Андреев сел рядом. Кузнецов был бытовиком, деревенским убийцей.
— Слушай, — сказал Кузнецов. — Меня вызывали.
— Куда?
— Туда. За мост.
— Ну и что?
— Велели на тебя заявление подать.
— На меня?
— Да.
— А ты?
— Я подал. Что сделаешь?
«Действительно, — подумал Андреев, — что сделаешь?»
— Чего же ты там писал?
— Ну, написал, что сказали. Что хвалил Гитлера…
«Ведь он не подлец, — думал Андреев. — Он просто несчастный человек…»
— Что же теперь со мной сделают? — спросил Андреев.
— Не знаю. Уполномоченный сказал: это так, для порядка.
— Ну да, — сказал Андреев. — Конечно, для порядка. У меня ведь срок кончается в нынешнем году. Новый намотать успеют.
Вагончики гремели по уклону.
— Эй, вы! — закричал старший плитовой. — Сказочники! Забирай порожняк!

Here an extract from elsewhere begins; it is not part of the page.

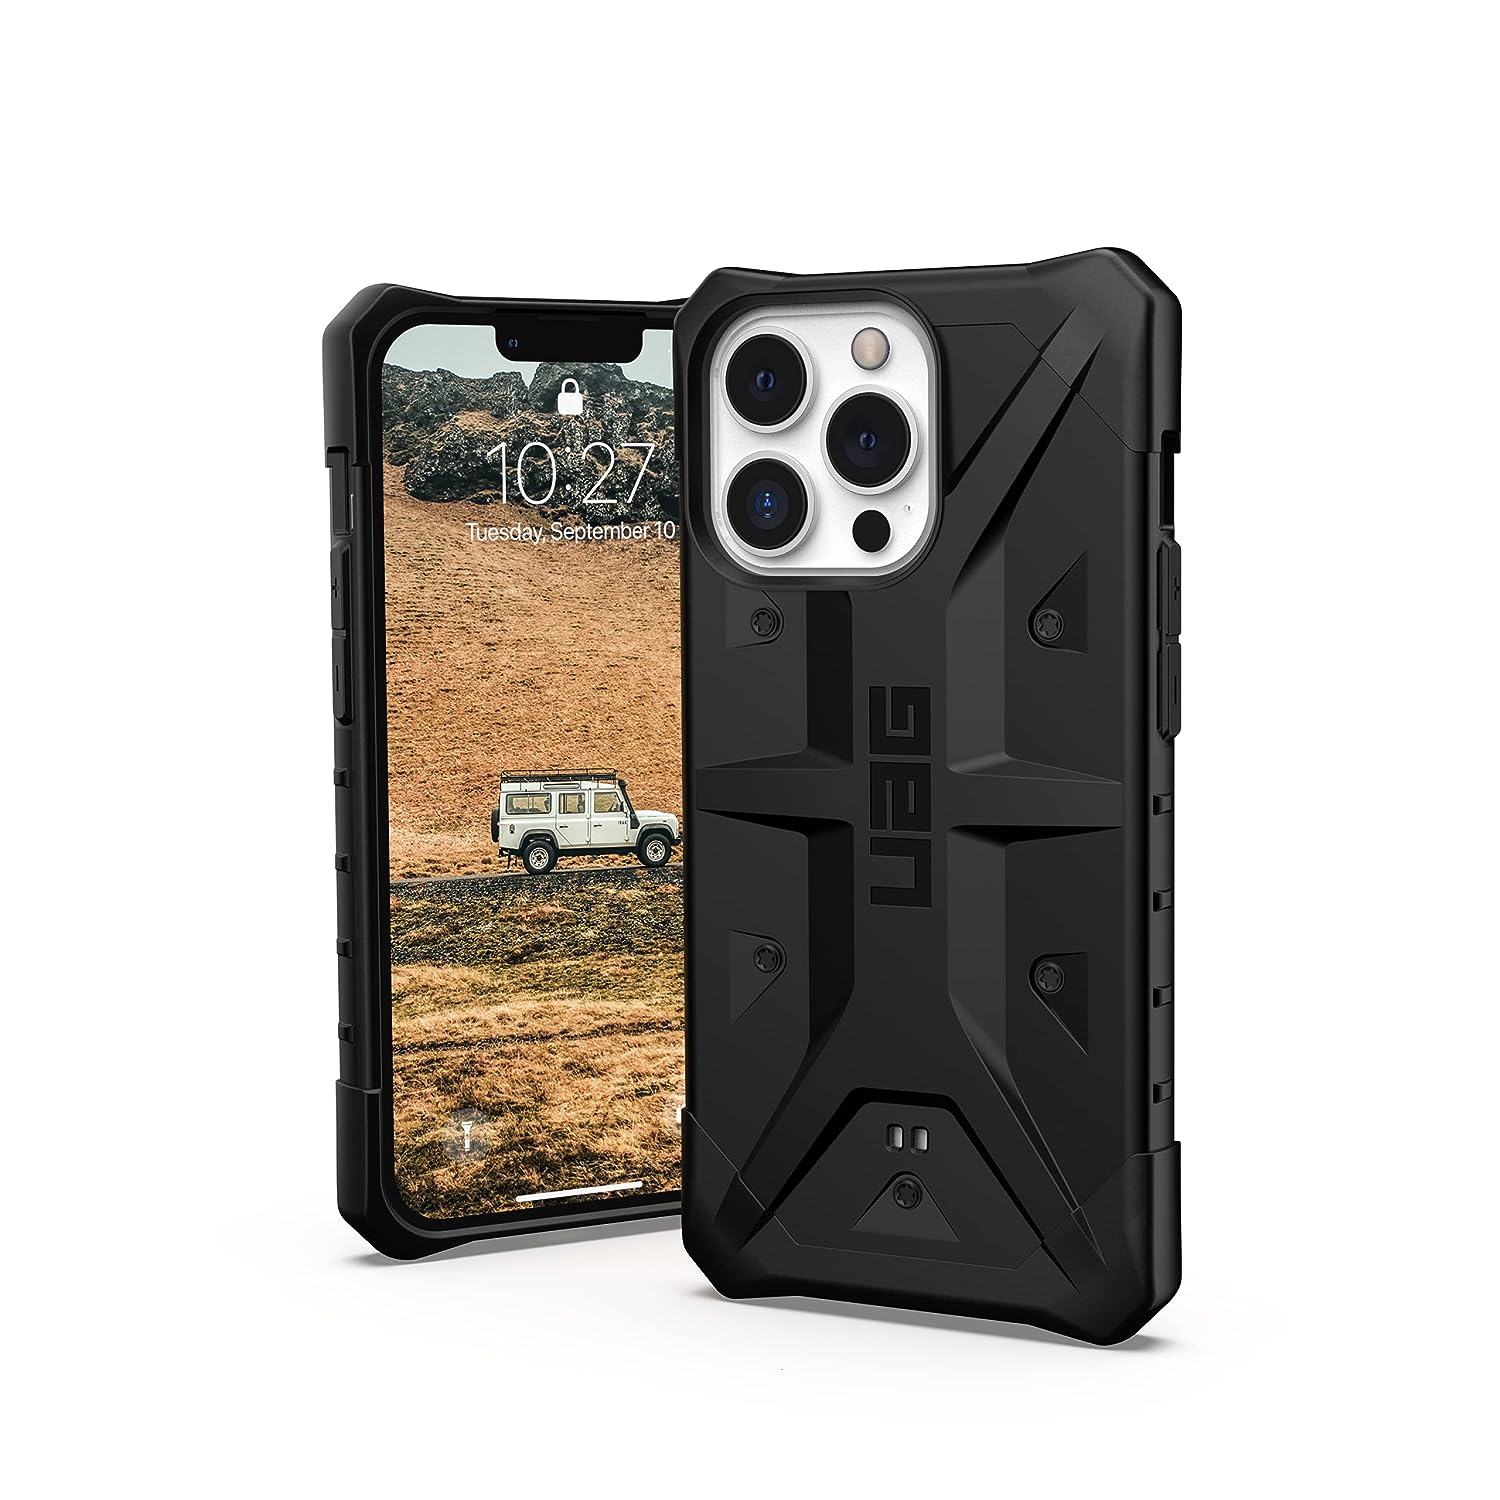 iPhone 13 Pro Armor Cover | Original Urban Armor Slim Fit Rugged Protective Case/Cover Designed For Apple iPhone 13 Pro UAG Black

— Я, пожалуй, откажусь с тобой работать, — сказал Кузнецов. — Будут ведь опять вызывать, а я скажу: не знаю, я с ним не работаю. Вот как…
— Так лучше всего, — согласился Андреев.
Со следующей смены напарником Андреева стал Чудаков, тоже бытовик. В отличие от словоохотливого Кузнецова, этот — молчал. Либо от роду был молчаливым, либо предупредили «за мостом».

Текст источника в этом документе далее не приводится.